WORK REQUIRED:
Look through the material below and show every line with the word "thumbnail".
Top of THE DATA
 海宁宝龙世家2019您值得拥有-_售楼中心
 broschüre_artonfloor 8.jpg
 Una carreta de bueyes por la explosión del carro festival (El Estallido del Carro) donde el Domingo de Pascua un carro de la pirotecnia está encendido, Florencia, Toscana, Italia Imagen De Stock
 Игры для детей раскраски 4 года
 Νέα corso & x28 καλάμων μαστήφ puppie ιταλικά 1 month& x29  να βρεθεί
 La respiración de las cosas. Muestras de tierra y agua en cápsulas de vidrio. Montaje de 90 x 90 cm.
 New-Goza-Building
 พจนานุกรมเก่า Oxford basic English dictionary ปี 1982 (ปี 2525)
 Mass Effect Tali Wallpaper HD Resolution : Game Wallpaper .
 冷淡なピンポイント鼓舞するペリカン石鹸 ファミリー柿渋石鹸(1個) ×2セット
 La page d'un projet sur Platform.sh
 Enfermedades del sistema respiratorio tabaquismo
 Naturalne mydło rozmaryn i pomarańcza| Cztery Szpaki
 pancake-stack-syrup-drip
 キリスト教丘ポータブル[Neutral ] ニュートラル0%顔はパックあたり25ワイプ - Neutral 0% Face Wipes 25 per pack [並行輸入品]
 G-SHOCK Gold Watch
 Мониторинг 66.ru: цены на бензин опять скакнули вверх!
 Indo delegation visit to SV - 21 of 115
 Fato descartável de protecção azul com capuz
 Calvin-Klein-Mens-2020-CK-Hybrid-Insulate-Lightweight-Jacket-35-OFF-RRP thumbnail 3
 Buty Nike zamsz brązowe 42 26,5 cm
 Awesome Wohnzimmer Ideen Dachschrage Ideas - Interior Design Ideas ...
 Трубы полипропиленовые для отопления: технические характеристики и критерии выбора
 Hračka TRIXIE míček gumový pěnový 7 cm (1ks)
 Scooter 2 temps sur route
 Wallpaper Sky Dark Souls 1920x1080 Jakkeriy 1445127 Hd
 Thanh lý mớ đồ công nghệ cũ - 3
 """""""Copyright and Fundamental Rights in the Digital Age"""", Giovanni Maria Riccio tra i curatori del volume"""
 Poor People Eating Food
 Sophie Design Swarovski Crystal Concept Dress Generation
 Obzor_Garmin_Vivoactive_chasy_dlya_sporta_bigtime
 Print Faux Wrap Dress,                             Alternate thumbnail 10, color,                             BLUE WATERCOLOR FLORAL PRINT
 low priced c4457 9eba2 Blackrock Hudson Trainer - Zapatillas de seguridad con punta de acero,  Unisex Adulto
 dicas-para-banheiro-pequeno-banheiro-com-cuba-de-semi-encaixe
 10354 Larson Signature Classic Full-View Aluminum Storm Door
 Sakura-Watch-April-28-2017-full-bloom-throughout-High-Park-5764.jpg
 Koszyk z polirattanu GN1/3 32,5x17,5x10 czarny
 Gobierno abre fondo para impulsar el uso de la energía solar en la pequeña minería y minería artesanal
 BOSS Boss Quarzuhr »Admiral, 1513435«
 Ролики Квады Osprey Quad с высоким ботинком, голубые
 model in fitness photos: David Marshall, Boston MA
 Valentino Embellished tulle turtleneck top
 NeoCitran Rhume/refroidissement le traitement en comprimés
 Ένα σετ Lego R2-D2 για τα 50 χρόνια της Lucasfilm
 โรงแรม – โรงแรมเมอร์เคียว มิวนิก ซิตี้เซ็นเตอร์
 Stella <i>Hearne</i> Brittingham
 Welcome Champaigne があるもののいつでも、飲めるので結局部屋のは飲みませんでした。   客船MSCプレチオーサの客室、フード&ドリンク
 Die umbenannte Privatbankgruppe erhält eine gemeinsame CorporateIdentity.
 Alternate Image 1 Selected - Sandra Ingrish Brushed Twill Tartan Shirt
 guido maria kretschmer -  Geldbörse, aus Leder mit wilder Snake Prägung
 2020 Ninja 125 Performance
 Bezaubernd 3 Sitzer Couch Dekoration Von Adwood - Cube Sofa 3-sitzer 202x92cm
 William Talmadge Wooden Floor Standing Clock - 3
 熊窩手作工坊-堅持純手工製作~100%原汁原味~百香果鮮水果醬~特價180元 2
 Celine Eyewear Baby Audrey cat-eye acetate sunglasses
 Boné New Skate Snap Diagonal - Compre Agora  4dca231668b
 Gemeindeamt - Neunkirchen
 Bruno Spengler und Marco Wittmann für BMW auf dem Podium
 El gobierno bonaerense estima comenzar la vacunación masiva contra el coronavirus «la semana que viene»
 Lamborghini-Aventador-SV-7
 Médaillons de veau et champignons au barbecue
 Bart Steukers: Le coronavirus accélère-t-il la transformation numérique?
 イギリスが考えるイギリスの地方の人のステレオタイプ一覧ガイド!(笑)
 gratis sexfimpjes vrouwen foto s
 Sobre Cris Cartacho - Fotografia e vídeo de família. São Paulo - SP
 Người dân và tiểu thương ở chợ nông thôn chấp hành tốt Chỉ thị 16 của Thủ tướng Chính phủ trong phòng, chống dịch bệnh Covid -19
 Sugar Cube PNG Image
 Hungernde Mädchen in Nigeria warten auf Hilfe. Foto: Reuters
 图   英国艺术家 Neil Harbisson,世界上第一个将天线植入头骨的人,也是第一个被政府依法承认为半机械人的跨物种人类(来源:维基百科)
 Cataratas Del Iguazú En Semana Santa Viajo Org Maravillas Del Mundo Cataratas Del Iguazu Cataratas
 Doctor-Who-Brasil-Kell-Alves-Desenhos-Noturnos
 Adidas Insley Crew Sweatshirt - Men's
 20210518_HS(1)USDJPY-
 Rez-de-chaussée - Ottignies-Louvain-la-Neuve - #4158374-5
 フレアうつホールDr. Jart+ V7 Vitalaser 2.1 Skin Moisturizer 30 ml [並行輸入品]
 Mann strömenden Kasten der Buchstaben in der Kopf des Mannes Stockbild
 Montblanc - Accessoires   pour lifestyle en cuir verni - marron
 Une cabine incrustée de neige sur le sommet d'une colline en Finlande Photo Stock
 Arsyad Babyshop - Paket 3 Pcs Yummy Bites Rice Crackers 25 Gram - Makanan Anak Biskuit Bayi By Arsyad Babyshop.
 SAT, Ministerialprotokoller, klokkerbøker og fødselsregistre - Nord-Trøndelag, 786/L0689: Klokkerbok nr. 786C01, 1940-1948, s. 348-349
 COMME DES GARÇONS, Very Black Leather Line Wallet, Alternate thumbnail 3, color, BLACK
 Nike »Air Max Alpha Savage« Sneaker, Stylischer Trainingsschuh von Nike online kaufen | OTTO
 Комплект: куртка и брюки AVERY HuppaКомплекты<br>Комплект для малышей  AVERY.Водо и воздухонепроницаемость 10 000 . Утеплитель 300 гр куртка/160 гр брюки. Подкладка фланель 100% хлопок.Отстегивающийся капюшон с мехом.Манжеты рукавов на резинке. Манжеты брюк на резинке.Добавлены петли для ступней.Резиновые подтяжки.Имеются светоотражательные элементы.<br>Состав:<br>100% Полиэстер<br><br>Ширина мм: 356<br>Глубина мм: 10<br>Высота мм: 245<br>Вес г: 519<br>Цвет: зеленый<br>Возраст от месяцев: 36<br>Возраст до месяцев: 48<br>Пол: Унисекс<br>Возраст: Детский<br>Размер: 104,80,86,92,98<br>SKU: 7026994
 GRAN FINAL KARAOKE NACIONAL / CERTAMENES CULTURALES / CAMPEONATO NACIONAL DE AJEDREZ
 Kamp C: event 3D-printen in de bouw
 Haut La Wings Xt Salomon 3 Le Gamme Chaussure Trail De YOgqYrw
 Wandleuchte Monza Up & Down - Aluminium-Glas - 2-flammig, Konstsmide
Bottom of THE DATA
EXERCISE ANSWER:
 Calvin-Klein-Mens-2020-CK-Hybrid-Insulate-Lightweight-Jacket-35-OFF-RRP thumbnail 3
 Print Faux Wrap Dress,                             Alternate thumbnail 10, color,                             BLUE WATERCOLOR FLORAL PRINT
 COMME DES GARÇONS, Very Black Leather Line Wallet, Alternate thumbnail 3, color, BLACK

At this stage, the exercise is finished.